MATERIAL SUPPLIED:
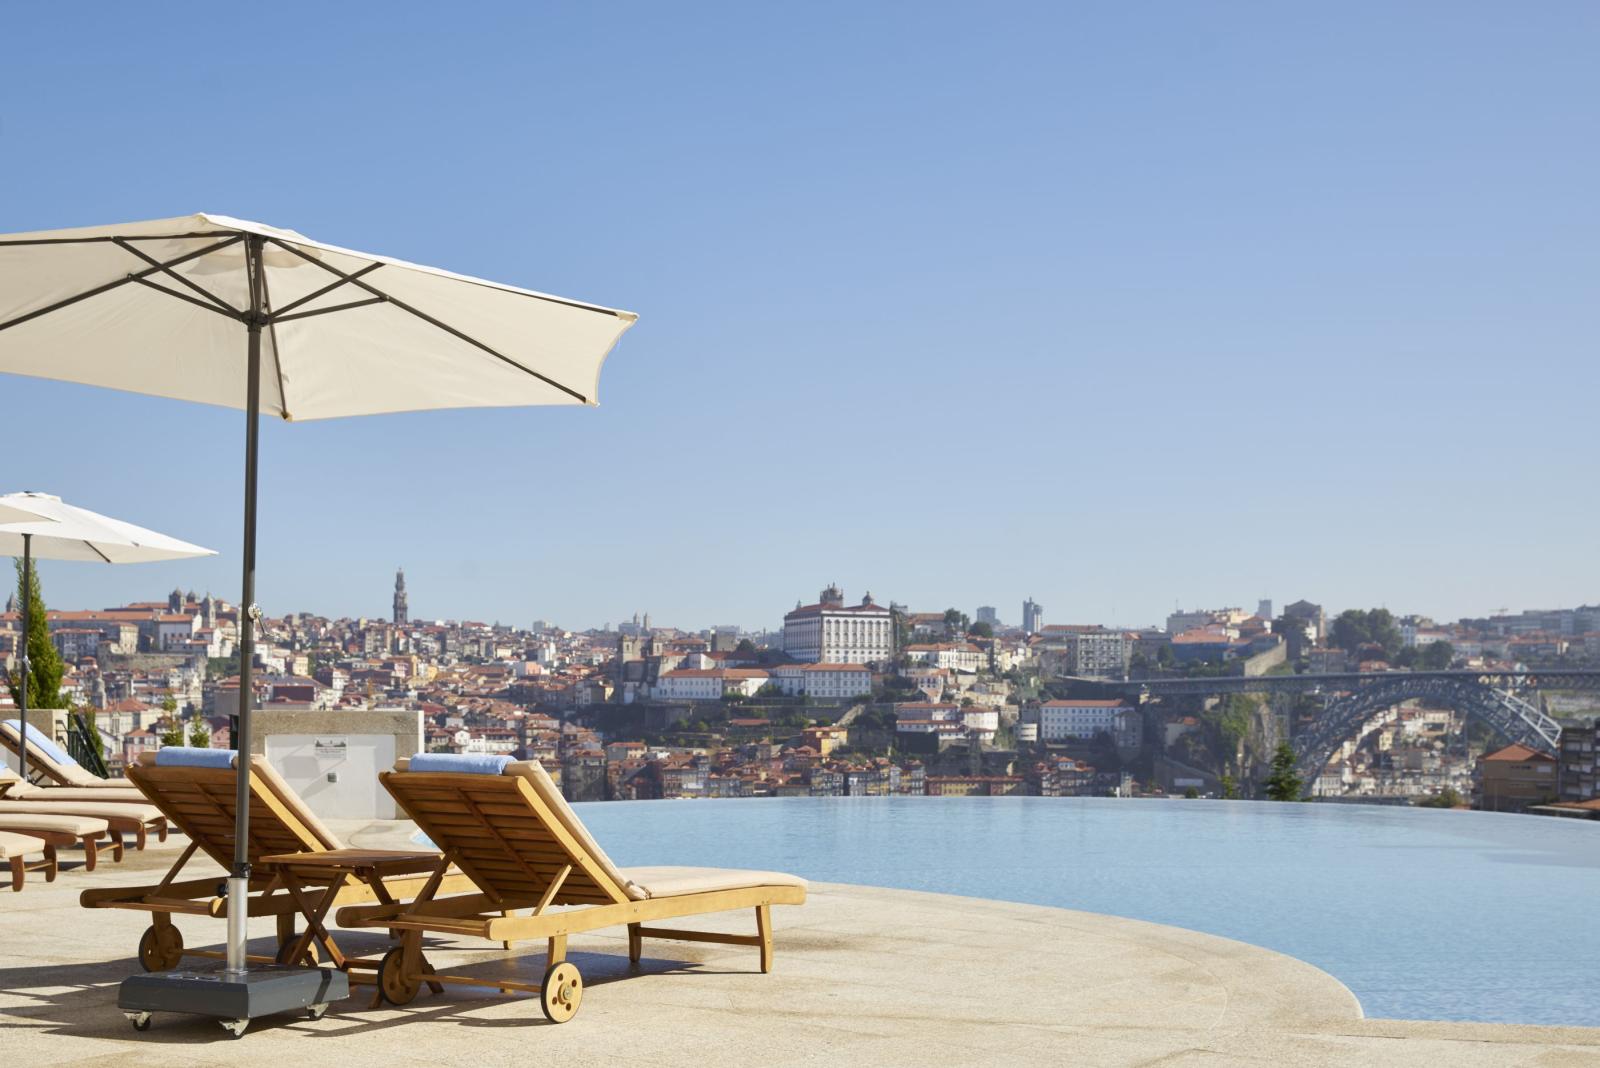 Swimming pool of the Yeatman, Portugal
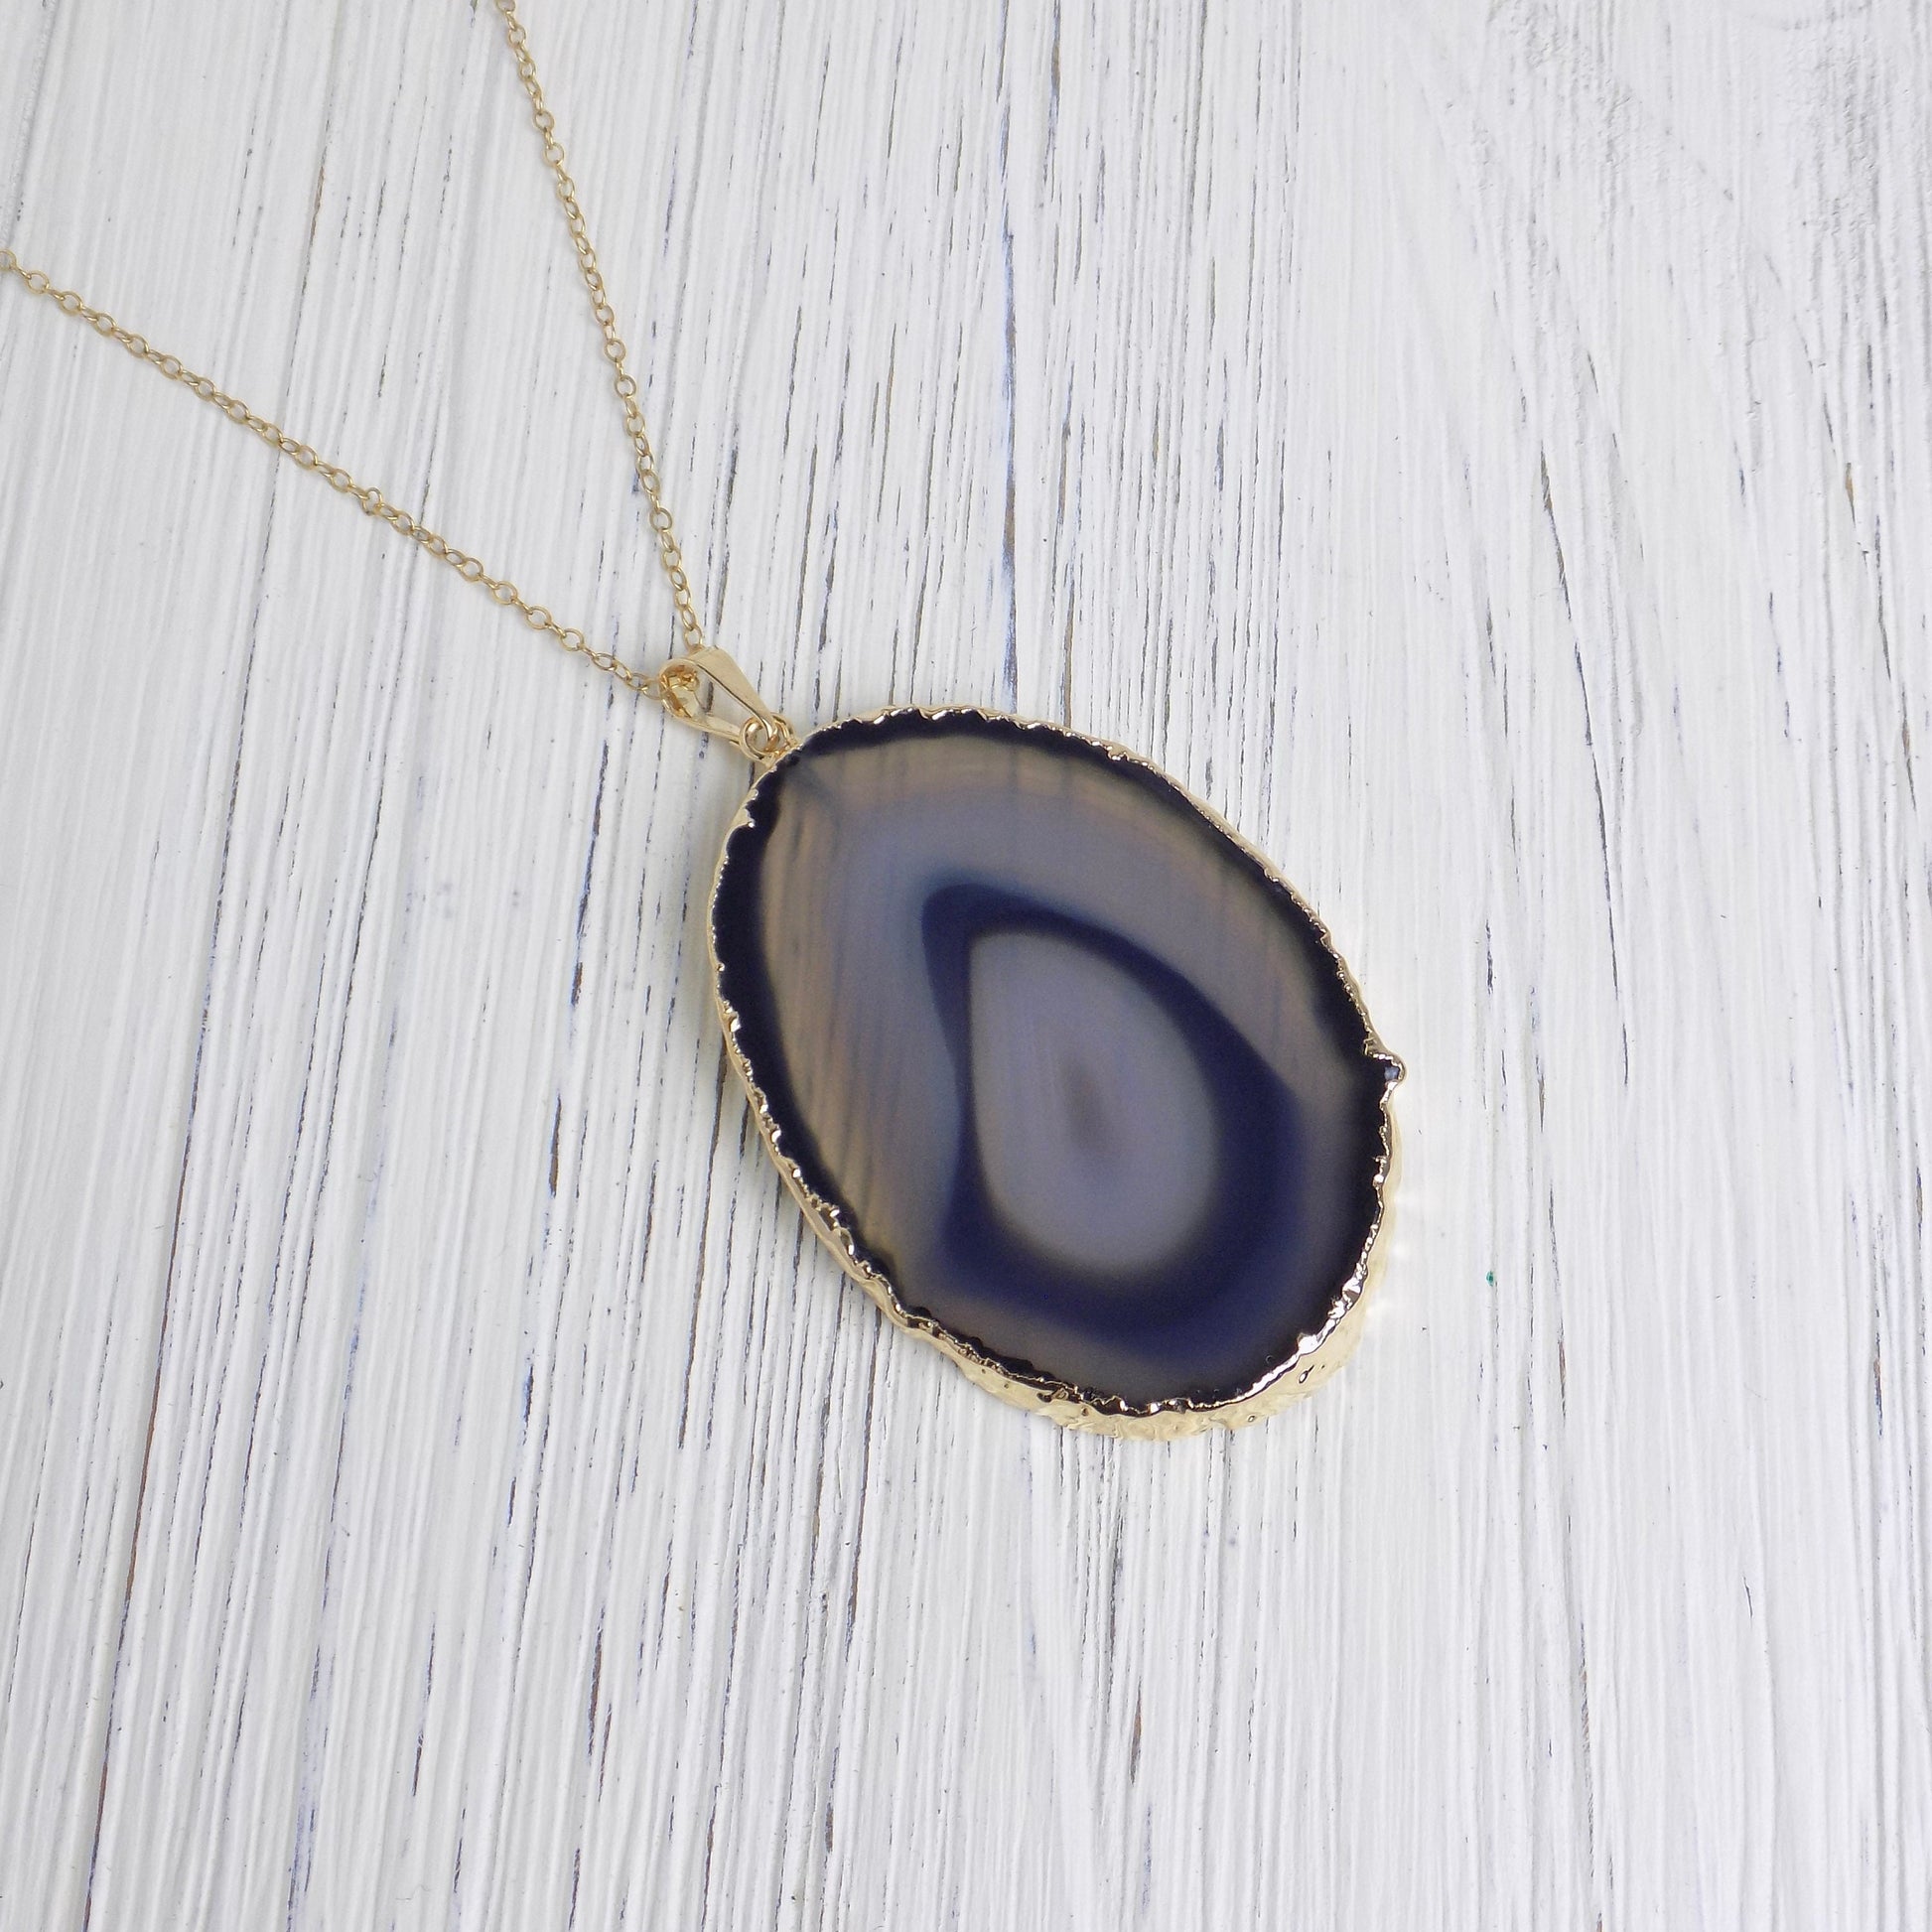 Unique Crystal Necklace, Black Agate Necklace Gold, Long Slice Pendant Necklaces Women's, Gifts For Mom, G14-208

---

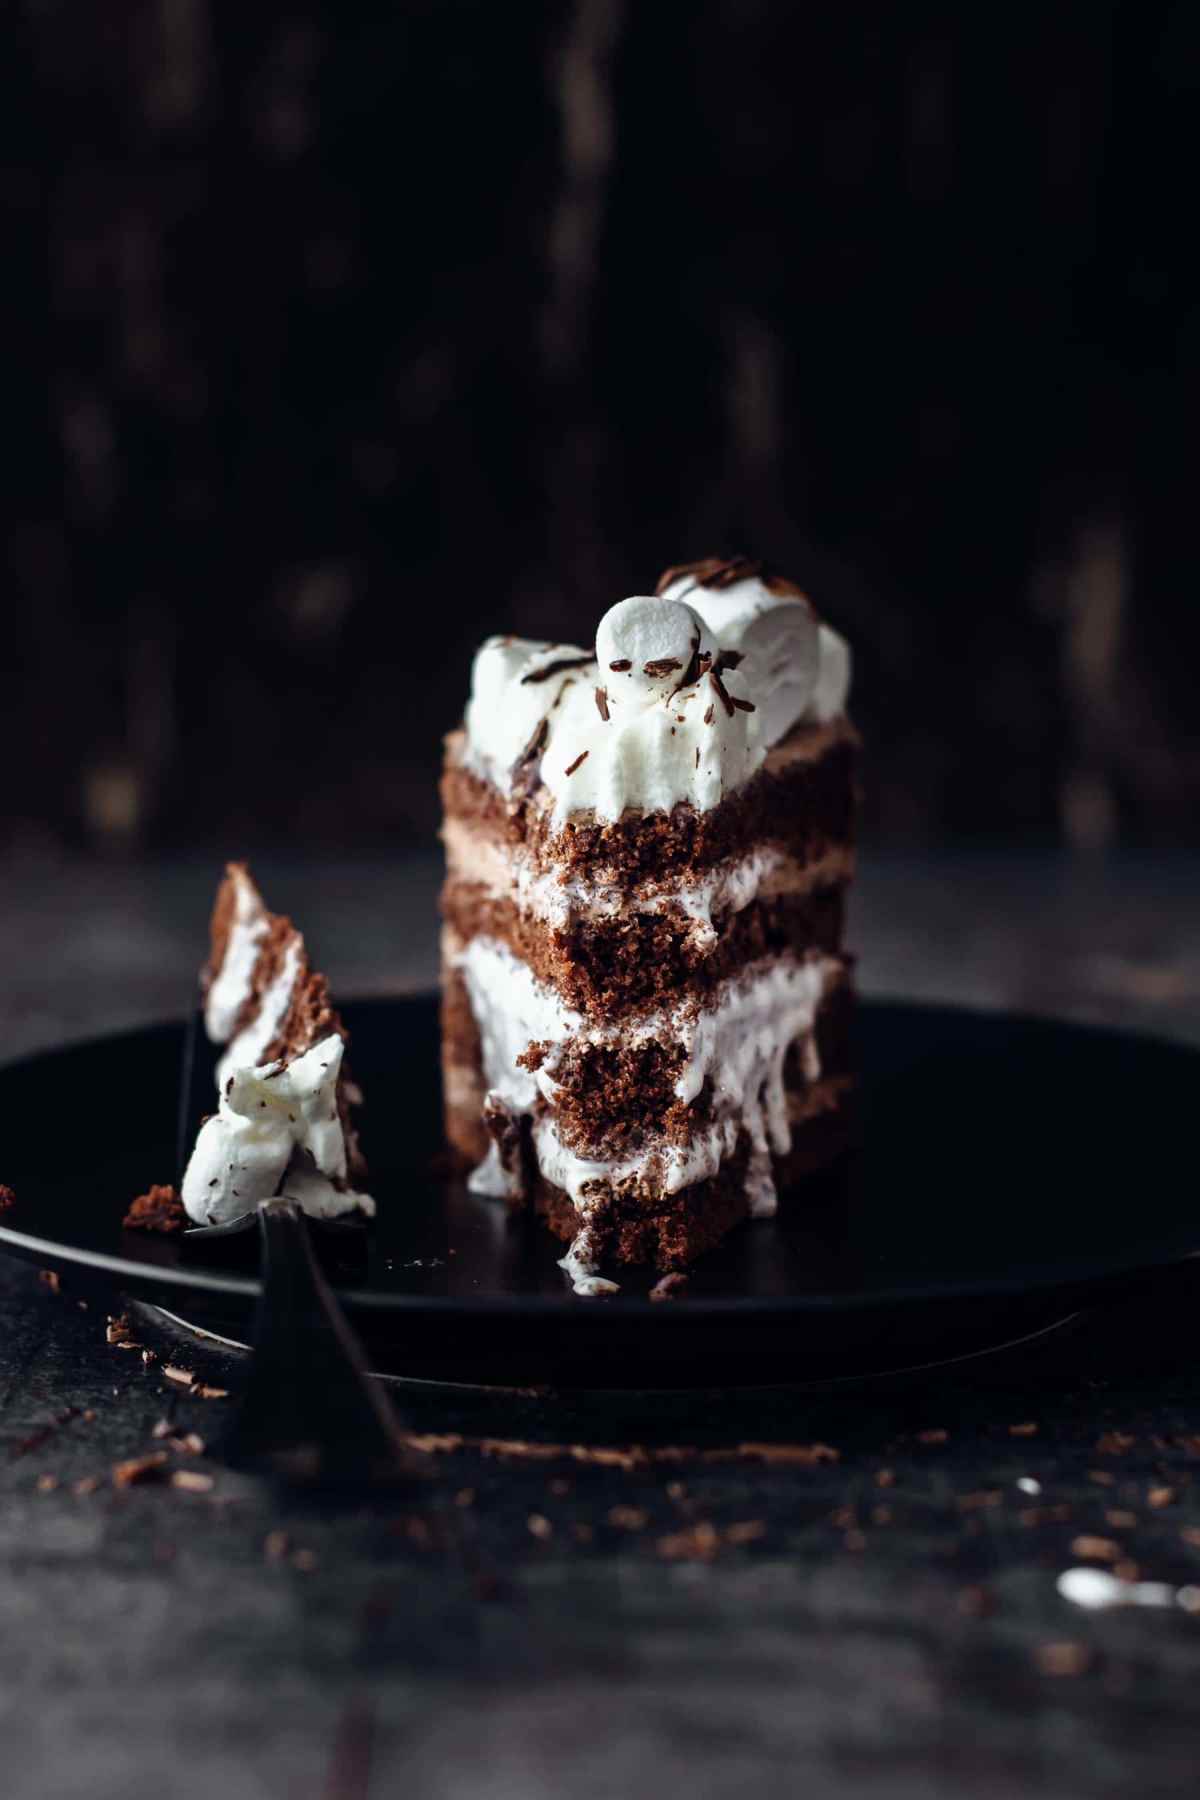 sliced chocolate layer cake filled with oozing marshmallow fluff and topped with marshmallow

EXERCISE GOAL: Restate the lines above from the one containing "Swimming pool of the Yeatman, Portugal" through the one containing "Unique Crystal Necklace, Black", inclusive, exactly and without pictures.

RESULT FOR THIS EXERCISE:
 Swimming pool of the Yeatman, Portugal
 Unique Crystal Necklace, Black Agate Necklace Gold, Long Slice Pendant Necklaces Women's, Gifts For Mom, G14-208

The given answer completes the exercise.